Casilla didn't blow my socks off, but I think he'll be fine, depending on how much he can cut out the silly mistakes. I think his range was at least as good as Castillo's, he turned the DP pretty well, and he's got a strong arm. If he's still adjusting, I'm willing to keep an open mind. If he makes enough mistakes, though, that could negate his range and arm strength.
Also, I'm not going to be especially upset if Casilla get sent to Rochester to start next year. His performance there this year wasn't really overwhelming, and it definitely seems like there are things for him to work on, especially if he is uncomfortable at second base. I'll still wish that the Twins were able to get a better placeholder than Punto, but Casilla is different from Bartlett in this regard, since going into, say, 2006, Bartlett had nothing left to prove/learn in AAA.
Was wondering, I keep seeing that Alexi's got an awful batting line, but I seem to remember him being the only sucessful batter in many games.
Made me think about portfolio theory. Has anyone looked at whether any batters perform in a way that is anti-correllated with the rest of the team? That is, when the rest of the team is struggling, he does better, but then he'll also make three outs over two innings when the rest of the team bats around.
Seems to me that if such players exist, they could be a valuable "asset to hold, " giving your team a chance if the other 8 batters are baffled. Games that may have been lost 0-1 with moderately correlated batters may then be won 2-1 or at least go to extra innings.

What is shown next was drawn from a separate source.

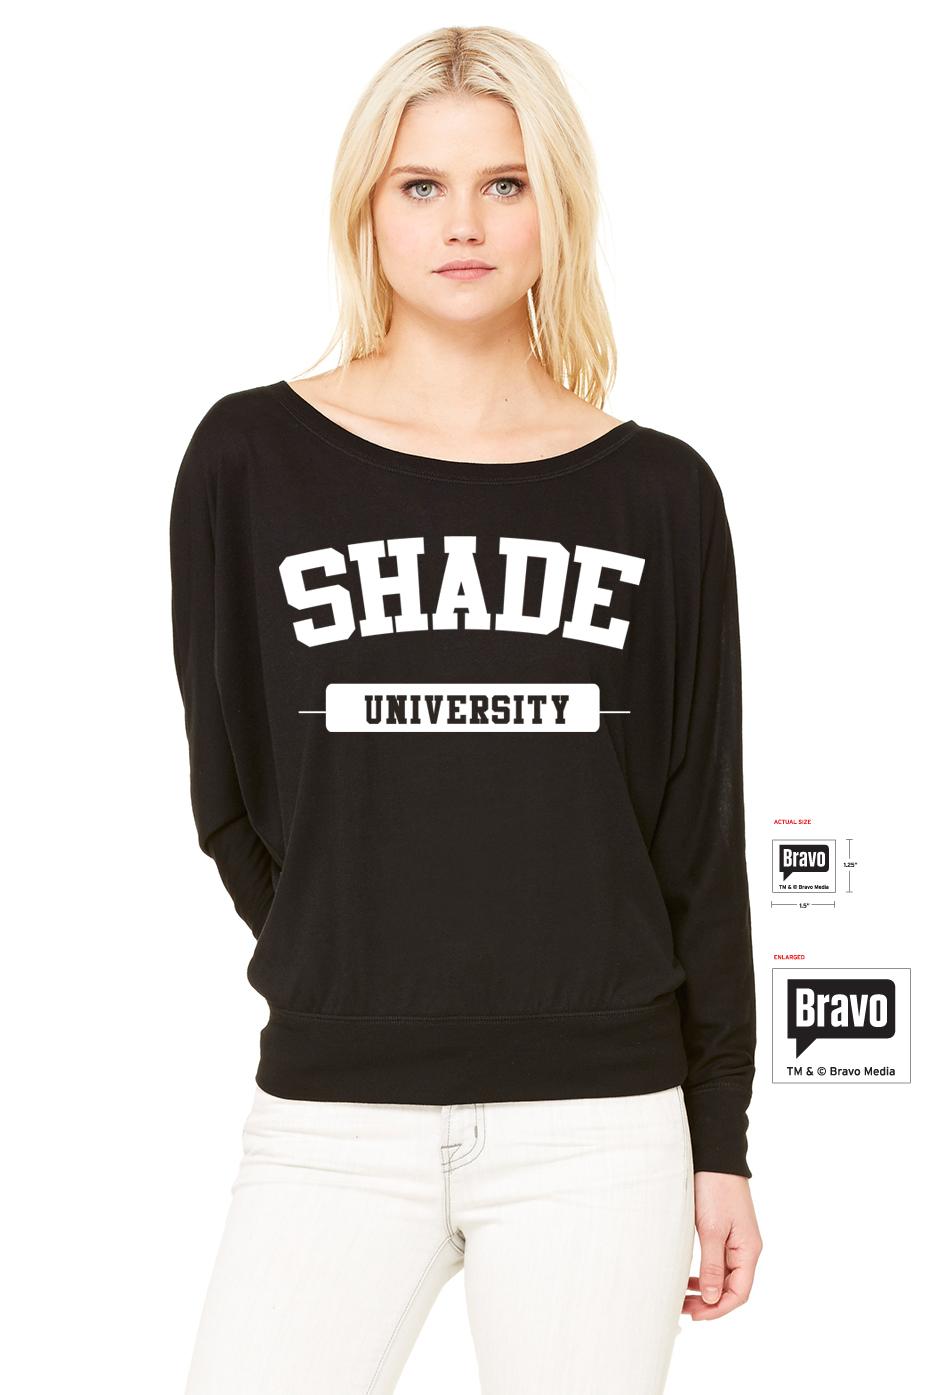 SHADE_UNIVERSITY.jpg
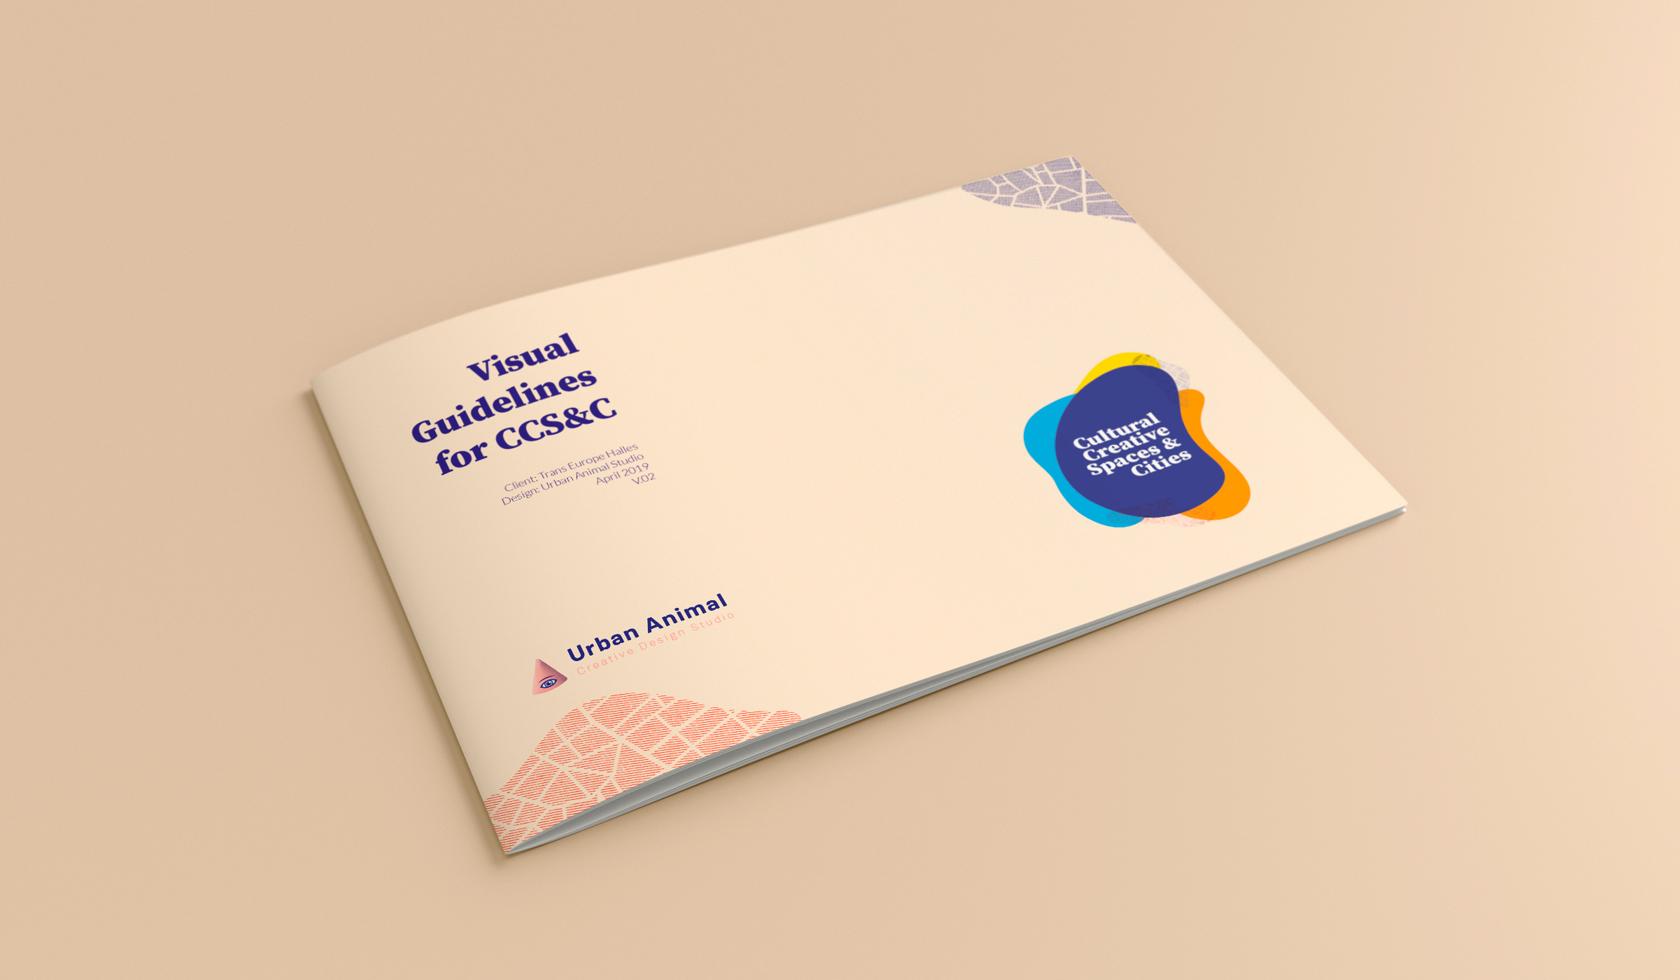 Cultural Creative Spaces & Cities grafiska profil och manual

Man, I'll be happy when I'm done with all this actuarial educationing/exam-ing/project-completing...
I'm guessing that this is a "feature, not a bug" of a Piranha-dominated offense, right, Greek House?
not negatively correlated performances, but rather, there will be plenty o' instances where one guy gets 3-4 hits and everyone is pretty much silent. Just as there will be instances where the hits come in bunches for the team.